(I've snipped parts of Roy's original posting, indicated by ..., that I
hope are not particularly relevant to my added comments.)
Roy Lewallen wrote:
I don't see the original posting here on rec.radio.amateur, but there
are a few misconceptions in the followups which should be addressed.
....
Unless the line is carrying common mode currents that affect antenna
impedance, changing coax length won't change the SWR, even if the
antenna isn't matched.
Again correct except for overlooking the effect of coax loss.
But there's a real problem in communicating this. If you hook a 50 ohm
SWR meter to the input of a 75 ohm, 300 ohm, or line of any impedance
other than 50 ohms, the meter reading won't be the SWR on the
transmission line. That can mislead people into thinking that the SWR is
changing with line length when it actually isn't.
In addition, most hams (and other non-professionals -- and even many
professionals) don't bother to check that their SWR meter is properly
calibrated to the impedance they think it is. Most are nominally 50
ohms, but they can be built for any practical line impedance. Checking
calibration is not all that difficult, if you take the time to do it.

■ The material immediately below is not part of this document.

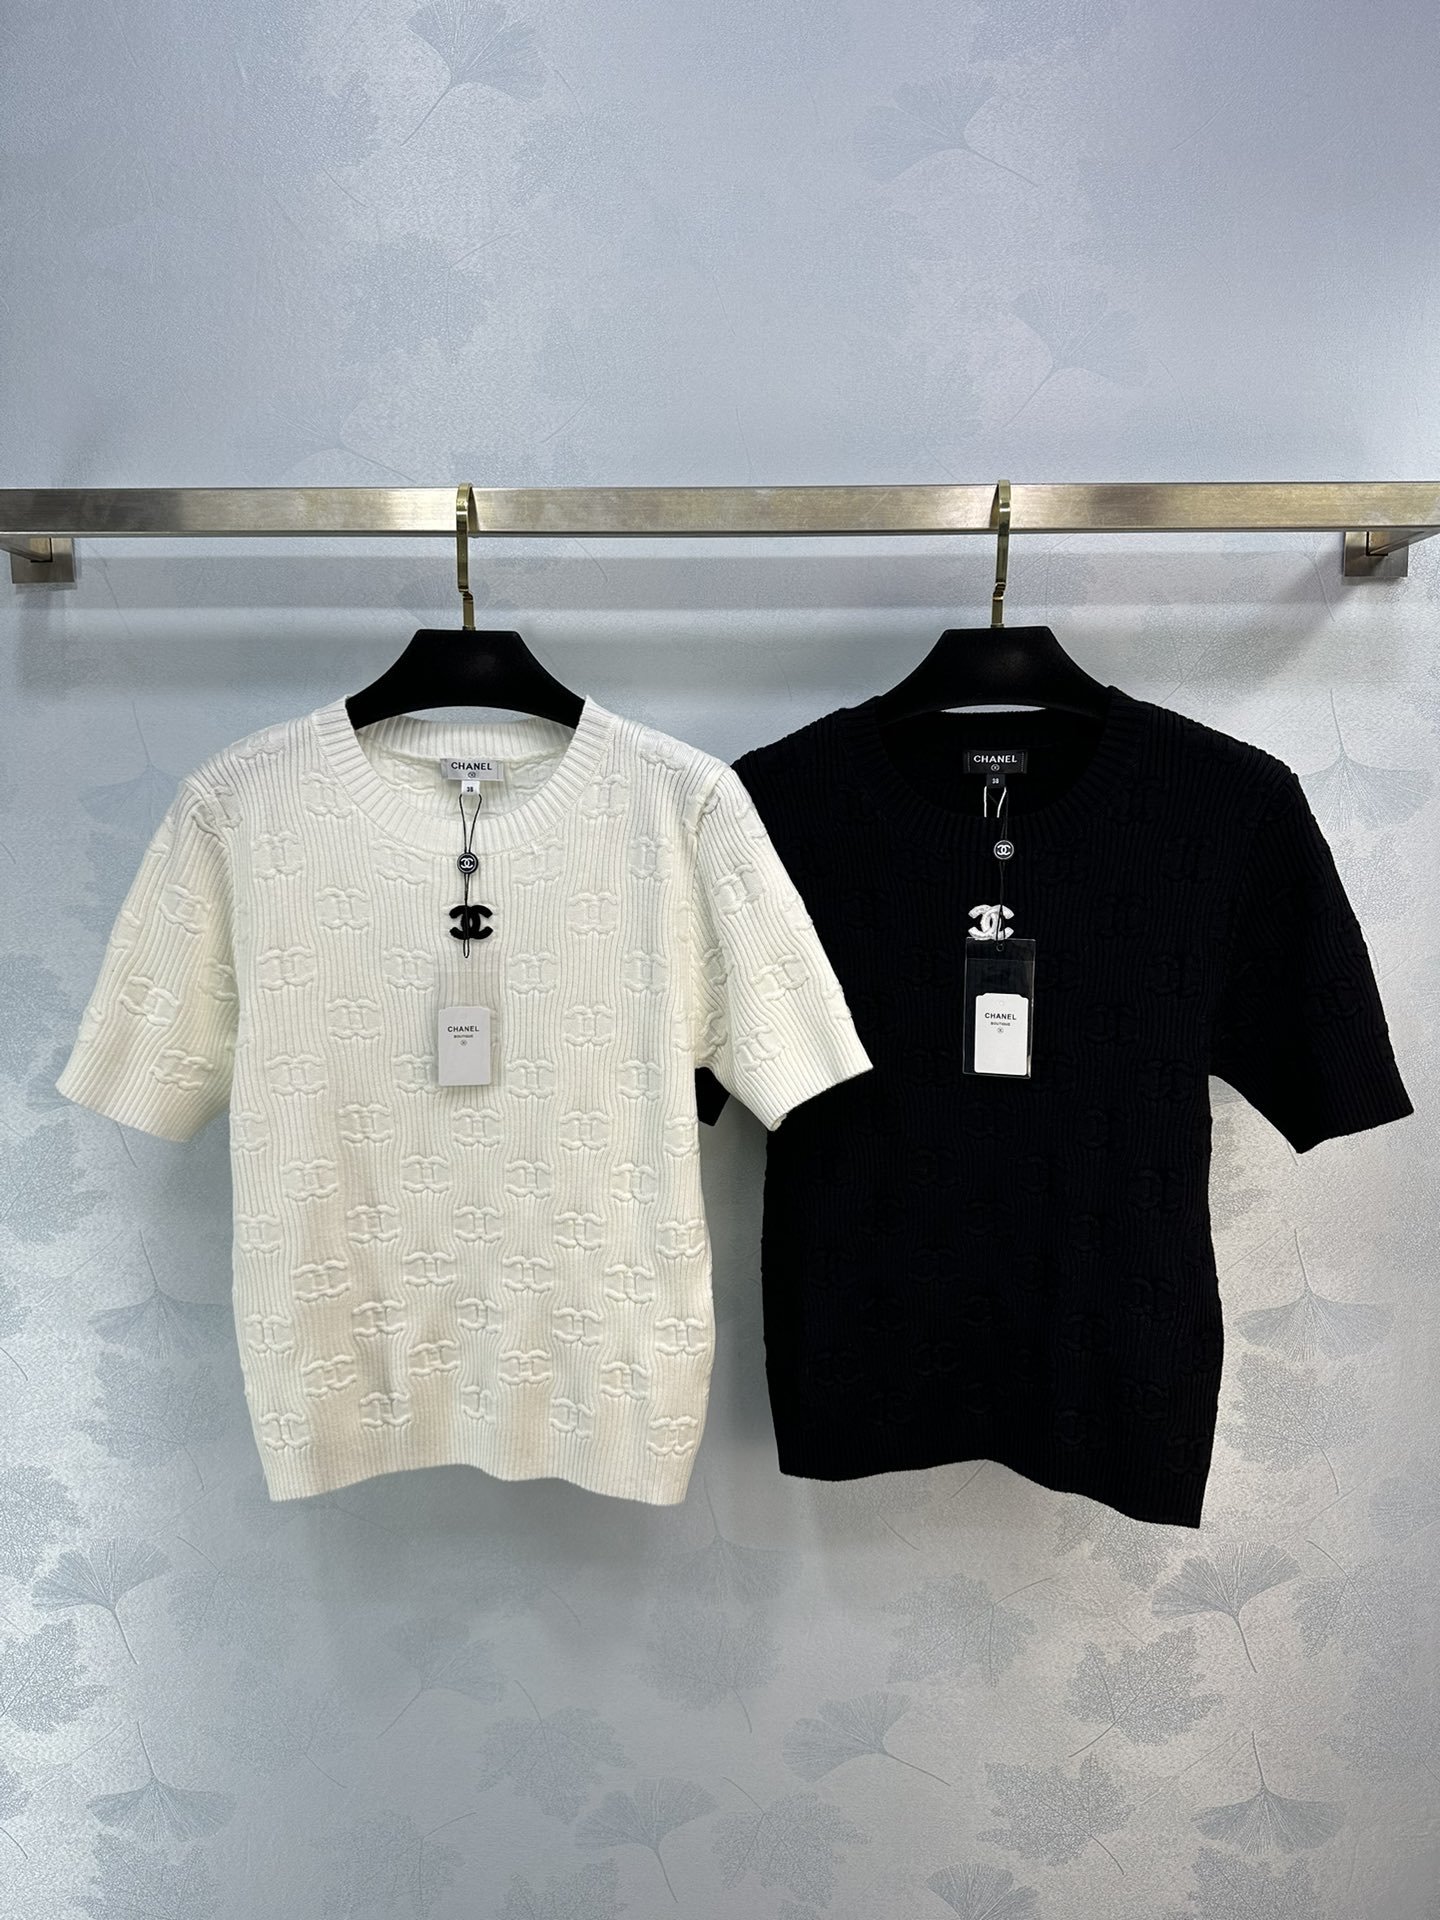 可换尺码！ chane*夏季新款针织上衣 极简黑白搭配logo和立体的浮雕设计 简约又高级 2色3码SML。zedqe

In addition, your nominally 50 ohm line (or 75 or whatever) can have an
actual impedance 10% or more from the nominal value. If you have
properly calibrated your meter to 50 ohms, and your line is 60 ohms,
you would read 1.2:1 SWR when your line is actually 1:1. And if the
SWR on the 60 ohm line is 1.2:1, that 50 ohm SWR meter can read
anything between 1:1 and 1.44:1, depending on the line length and its
load. Finally, though you may have checked that the meter to reads 1:1
with a 50 ohm load and infinity to 1 with a short or open load, the
construction of inexpensive meters may cause them to have significant
errors at other load impedances.
....
The "Magic" of an electrical halfwave transmission line is at a
precise frequency, the reflection of the load to the transmistter is
equal to the characteristic impedance of the transmission line
irregardless of what impedance it is terminated with.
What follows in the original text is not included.